My file has over 4M rows and I need a more efficient way of converting my data to a corpus and document term matrix such that I can pass it to a bayesian classifier.
Consider the following code:
library(tm)
GetCorpus <-function(textVector)
{
doc.corpus <- Corpus(VectorSource(textVector))
doc.corpus <- tm_map(doc.corpus, tolower)
doc.corpus <- tm_map(doc.corpus, removeNumbers)
doc.corpus <- tm_map(doc.corpus, removePunctuation)
doc.corpus <- tm_map(doc.corpus, removeWords, stopwords("english"))
doc.corpus <- tm_map(doc.corpus, stemDocument, "english")

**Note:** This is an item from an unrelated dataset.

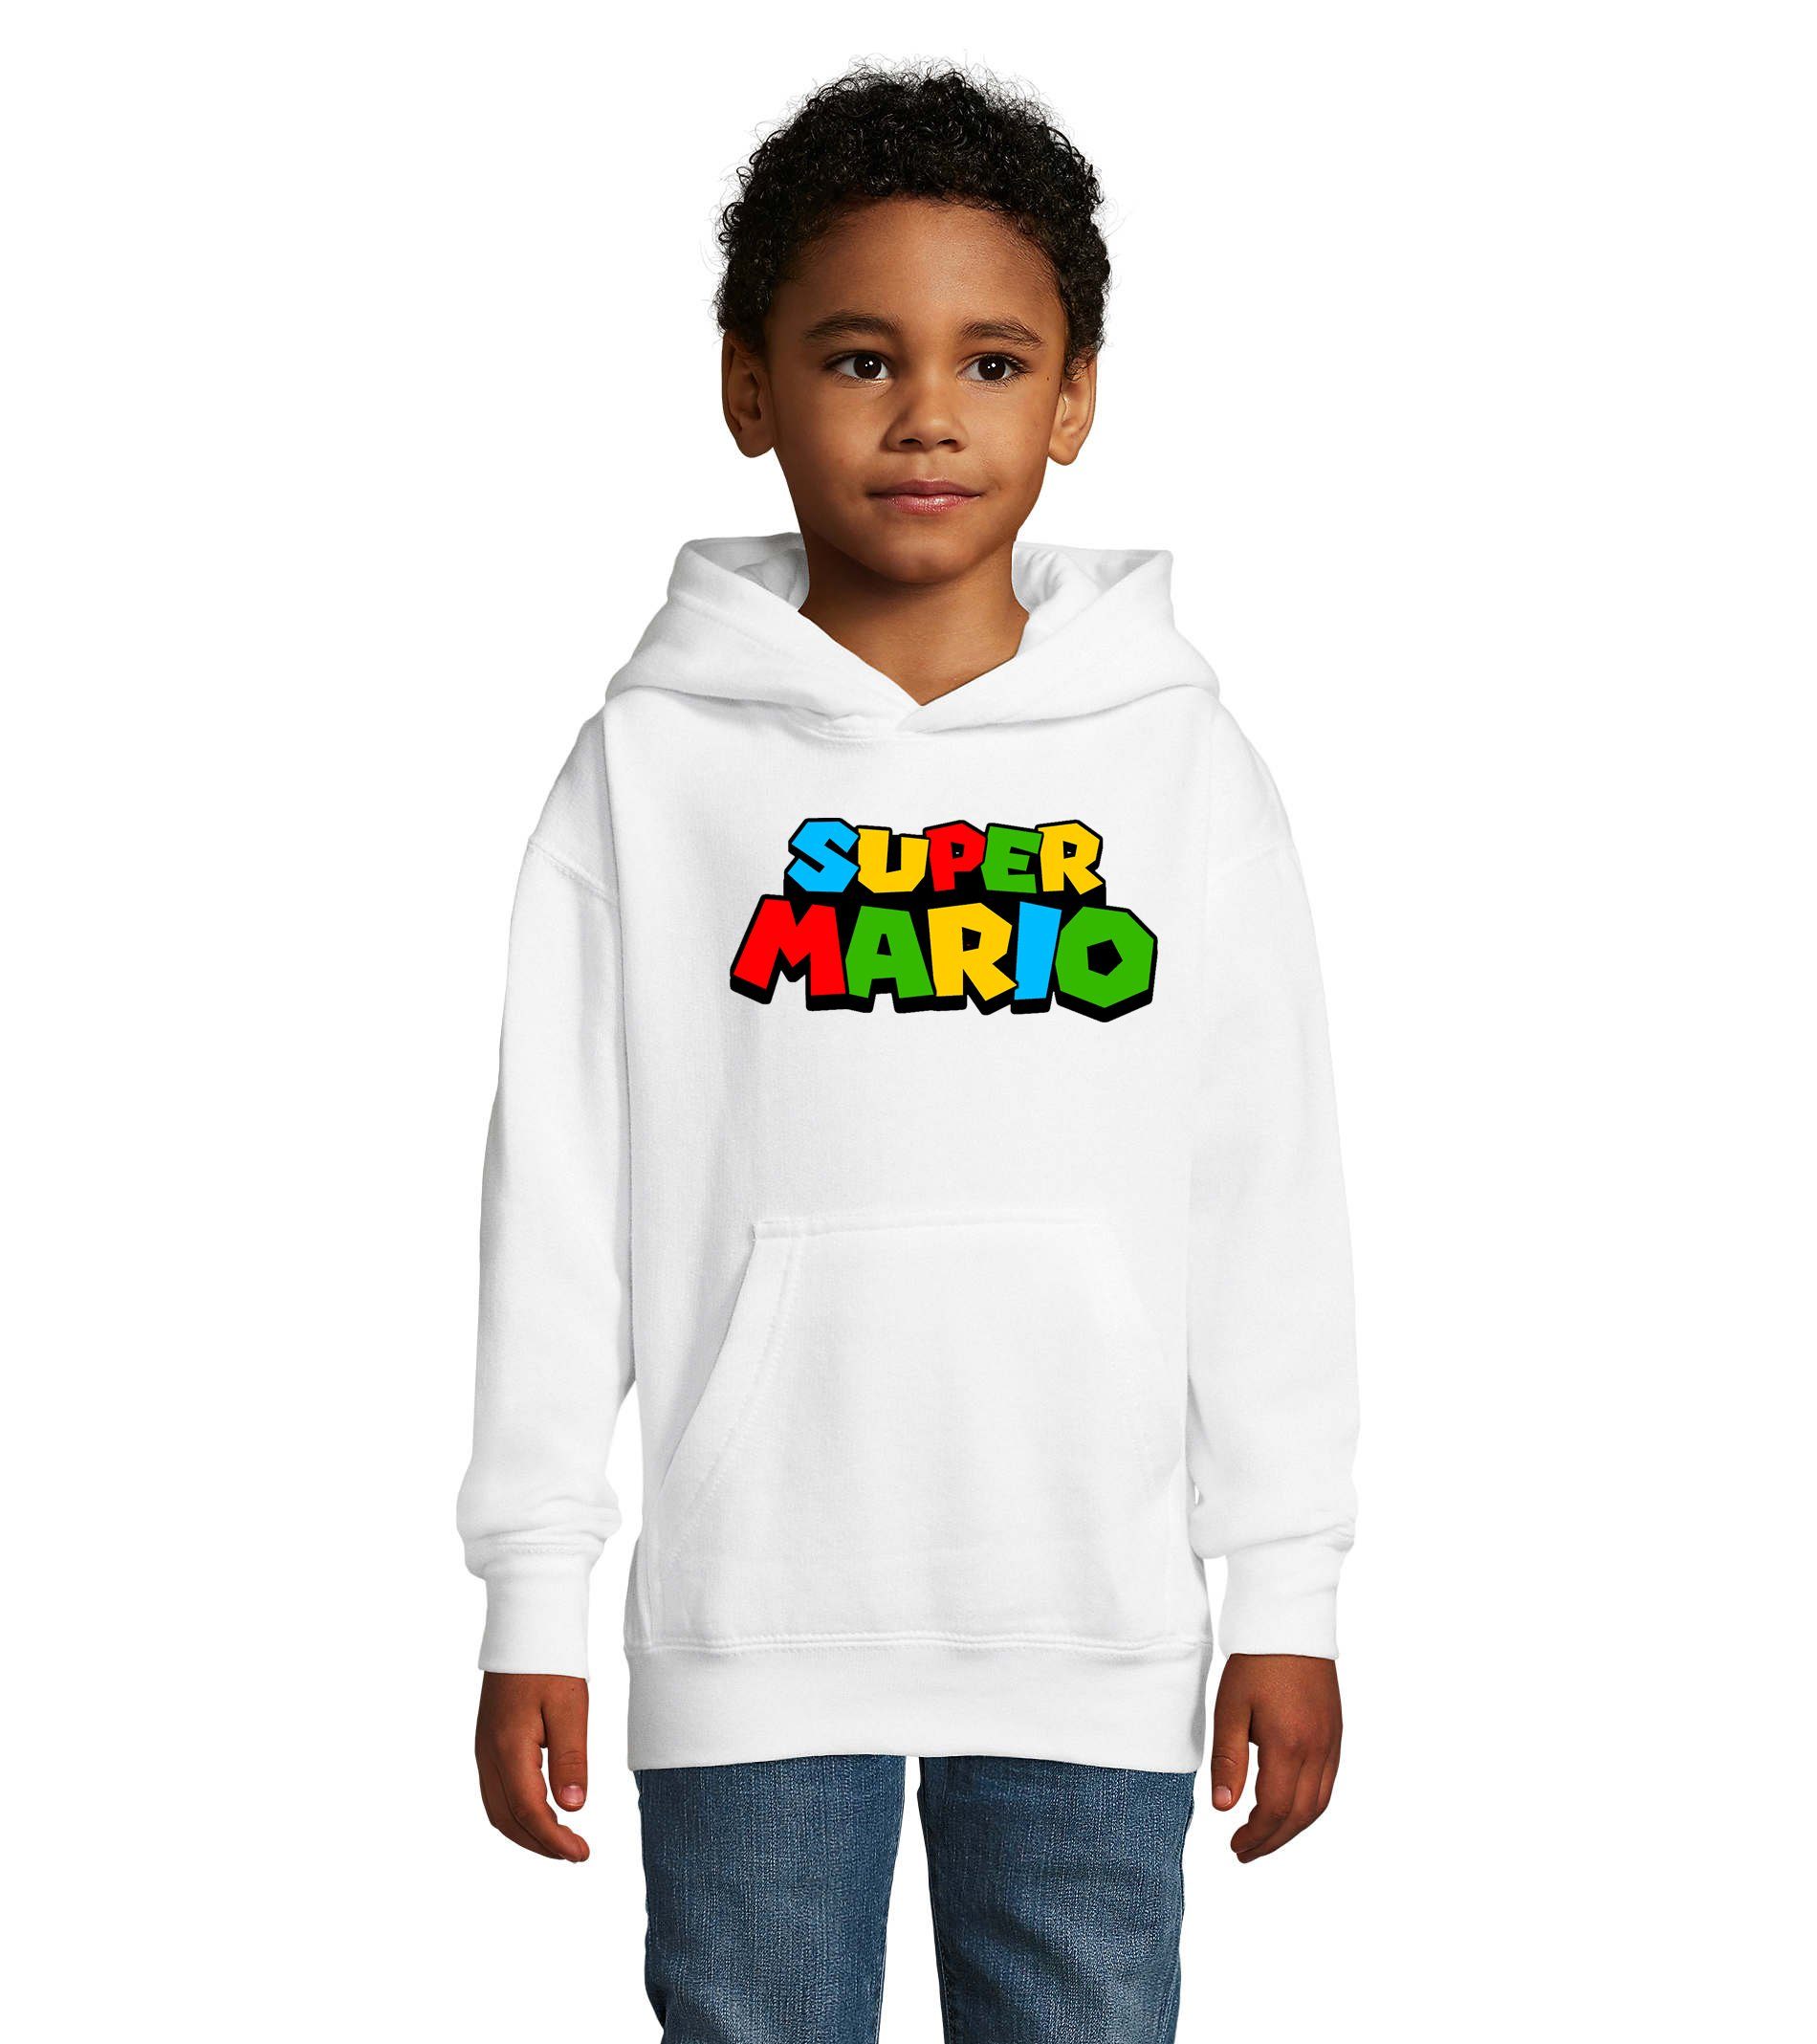 Blondie & Brownie Hoodie Kinder Super Mario Nintendo Gamer Gaming Konsole Spiele mit Kapuze Weiss

doc.corpus <- tm_map(doc.corpus, stripWhitespace)
doc.corpus <- tm_map(doc.corpus, PlainTextDocument)
return(doc.corpus)
}
data <- data.frame(
c("Let the big dogs hunt","No holds barred","My child is an honor student"), stringsAsFactors = F)
corp <- GetCorpus(data[,1])
inspect(corp)
dtm <- DocumentTermMatrix(corp)
inspect(dtm)
The output:
> inspect(corp)
<<VCorpus (documents: 3, metadata (corpus/indexed): 0/0)>>
[[1]]
<<PlainTextDocument (metadata: 7)>>
let big dogs hunt
[[2]]
<<PlainTextDocument (metadata: 7)>>
holds bar
[[3]]
<<PlainTextDocument (metadata: 7)>>
child honor stud
> inspect(dtm)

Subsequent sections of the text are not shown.